Part 1 Development Strategy

  • Print your filtered DataFrame before creating the graph to ensure you’re selecting the correct data.
  • Call the DataFrame describe() method to see some statistical information about the data you've selected. This can sometimes help you determine what to expect in your generated graph.
  • Re-read the problem statement to make sure your generated graph is answering the correct question.
  • Compare the data on your graph to the values in hw3-nces-ed-attainment.csv. For example, for problem 0 you could check that the generated line goes through the point (2005, 28.8) because of this row in the dataset: 2005,A,bachelor's,28.8,34.5,17.6,11.2,62.1,17.0,16.4,28.0

Seaborn Reference

Of all the libraries we will learn this quarter, Seaborn is by far the best documented. We want to give you experience reading real world documentation to learn how to use a library so we will not be providing a specialized cheat-sheet for this assignment. What we will do to make sure you don't have to look through pages and pages of documentation is link you to some key pages you might find helpful for this assignment; you do not have to use every page we link, so part of the challenge here is figuring out which of these pages you need.
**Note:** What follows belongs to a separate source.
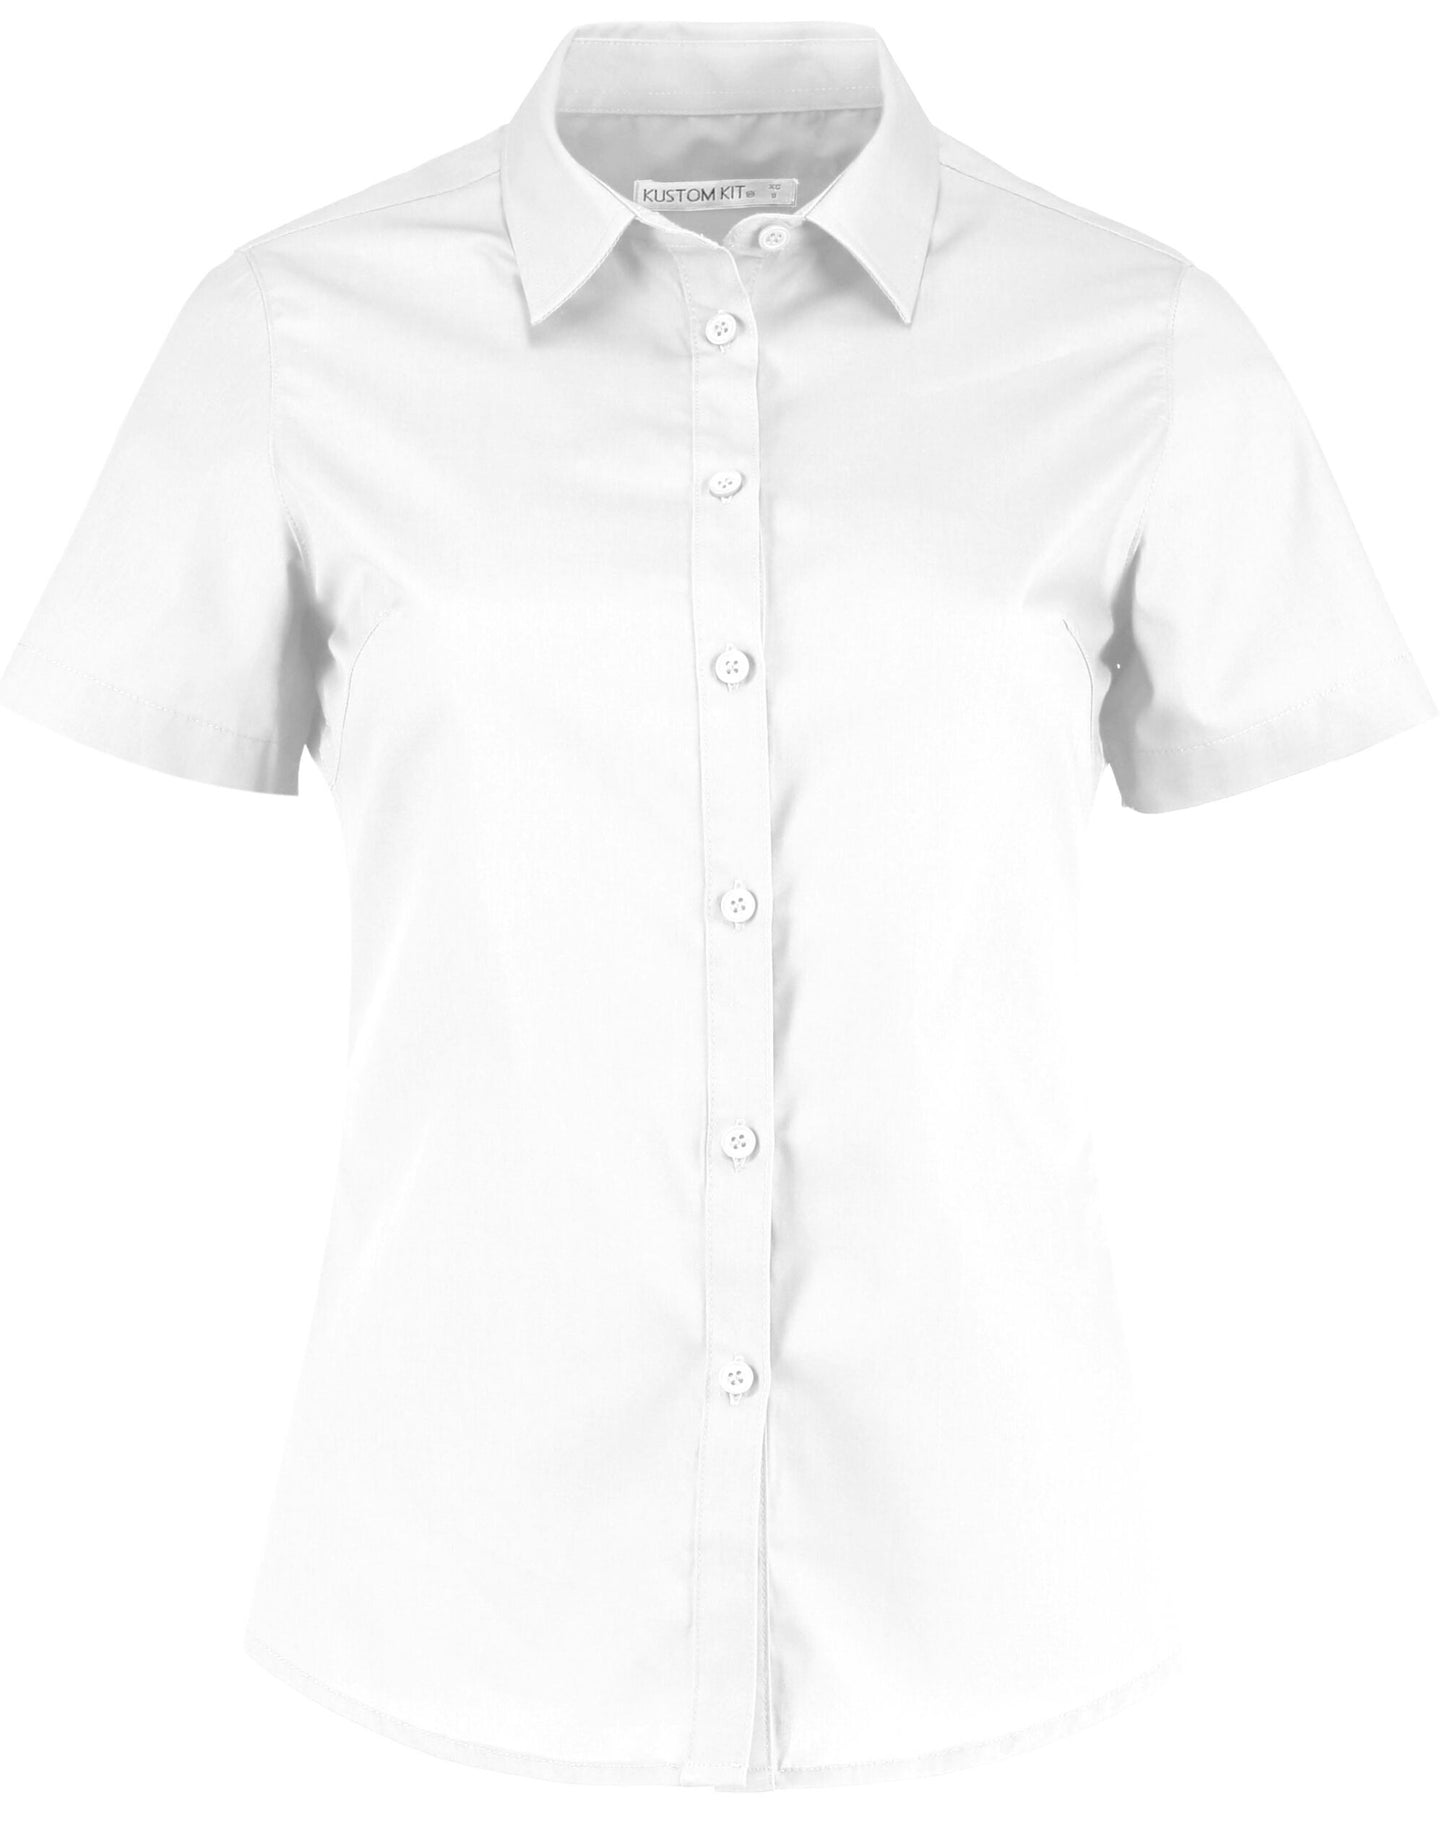 KK241 Kustom Kit Ladies Short Sleeve Poplin Shirt

As a data scientist, a huge part of solving a problem is learning how to skim lots of documentation for a tool that you might be able to leverage to solve your problem.
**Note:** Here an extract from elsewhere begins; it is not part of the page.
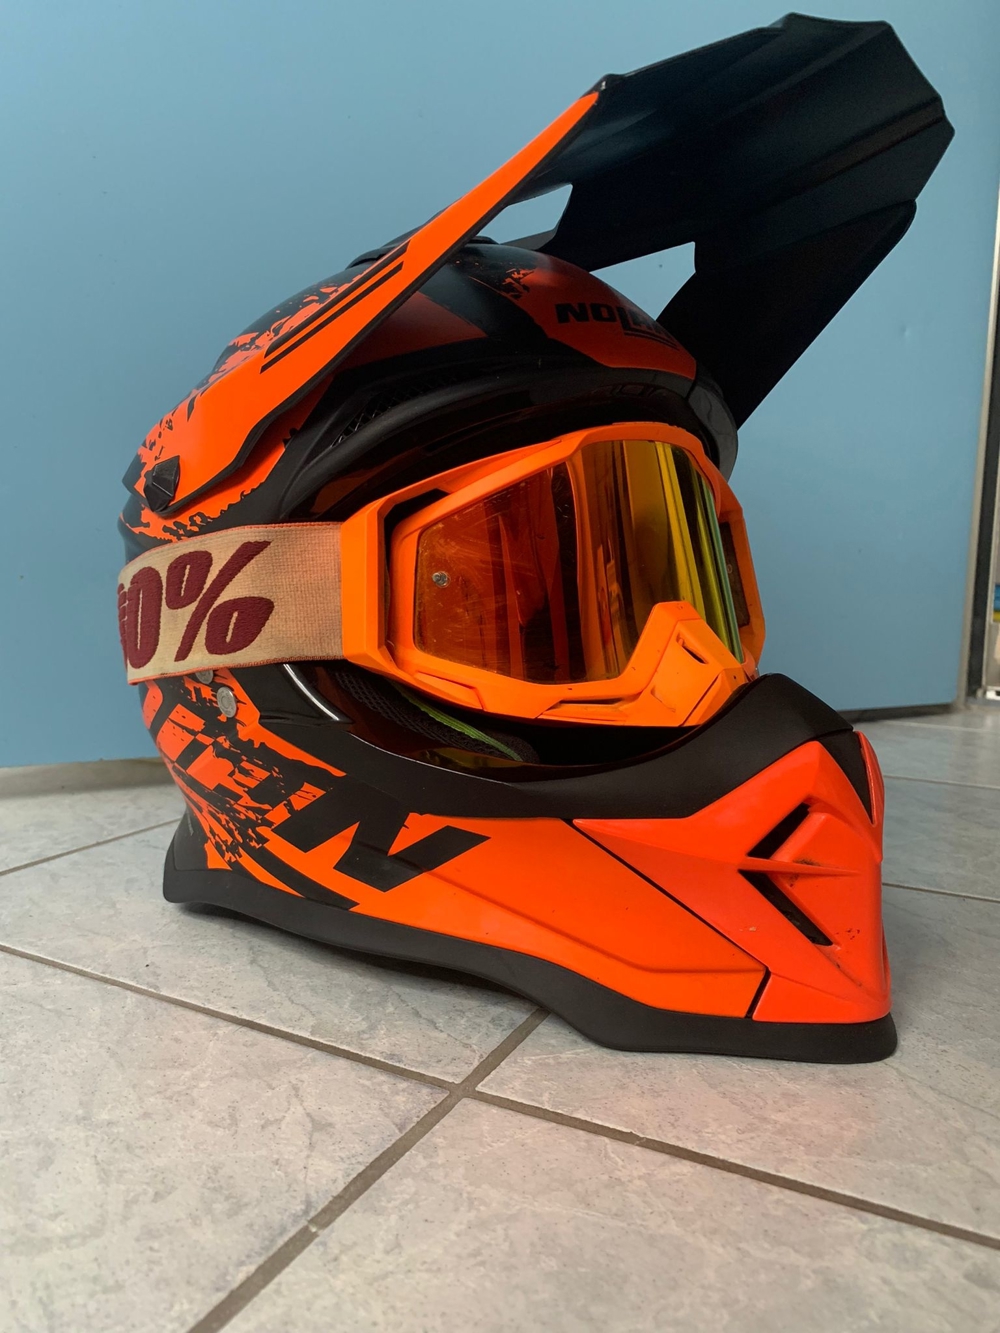 Motocross Helm

We recommend to read the documentation in the following order:

  • Start by skimming the examples to see the possible things the function can do. Don't spend too much time trying to figure out what the code is doing yet, but you can quickly look at it to see how much work is involved.
  • Then read the top paragraph(s) that give a general overview of what the function does.
  • Now that you have a better idea of what the function is doing, go look back at the examples and look at the code much more carefully. When you see an example like the one you want to generate, look carefully at the parameters it passes and go check the parameter list near the top for documentation on those parameters.
  • It sometimes (but not always), helps to skim the other parameters in the list just so you have an idea what this function is capable of doing

As a reminder, you will want to refer to the lecture/section material to see the additional matplotlib calls you might need in order to display/save the plots. You'll also need to call the set function on seaborn to get everything set up initially.
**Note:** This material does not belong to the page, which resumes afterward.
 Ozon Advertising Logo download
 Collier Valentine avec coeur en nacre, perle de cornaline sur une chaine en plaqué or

Here are the seaborn functions you might need for this assignment:

  • Bar/Violin Plot ( catplot )
  • Plot a Discrete Distribution ( distplot ) or Continuous Distribution ( kdeplot )
  • Scatter/Line Plot ( relplot )
  • Linear Regression Plot ( regplot )
  • Compare Two Variables ( jointplot )
  • Heatmap ( heatmap )
Make sure you read the bullet point at the top of the page warning you to only use these functions!

Problem 0: Line Chart

Plot the total percentages of all people of bachelor's degree as minimal completion with a line chart over years. To select all people, you should filter to rows where sex is 'A'. Label the x-axis "Year", the y-axis "Percentage", and title the plot "Percentage Earning Bachelor's over Time". Name your method line_plot_bachelors and save your generated graph as line_plot_bachelors.png .

result of line_plot_bachelors

Problem 1: Bar Chart

Plot the total percentages of women, men, and total people with a minimum education of high school degrees in the year 2009. Label the x-axis "Sex", the y-axis "Percentage", and title the plot "Percentage Completed High School by Sex". Name your method bar_chart_high_school and save your generated graph as bar_chart_high_school.png .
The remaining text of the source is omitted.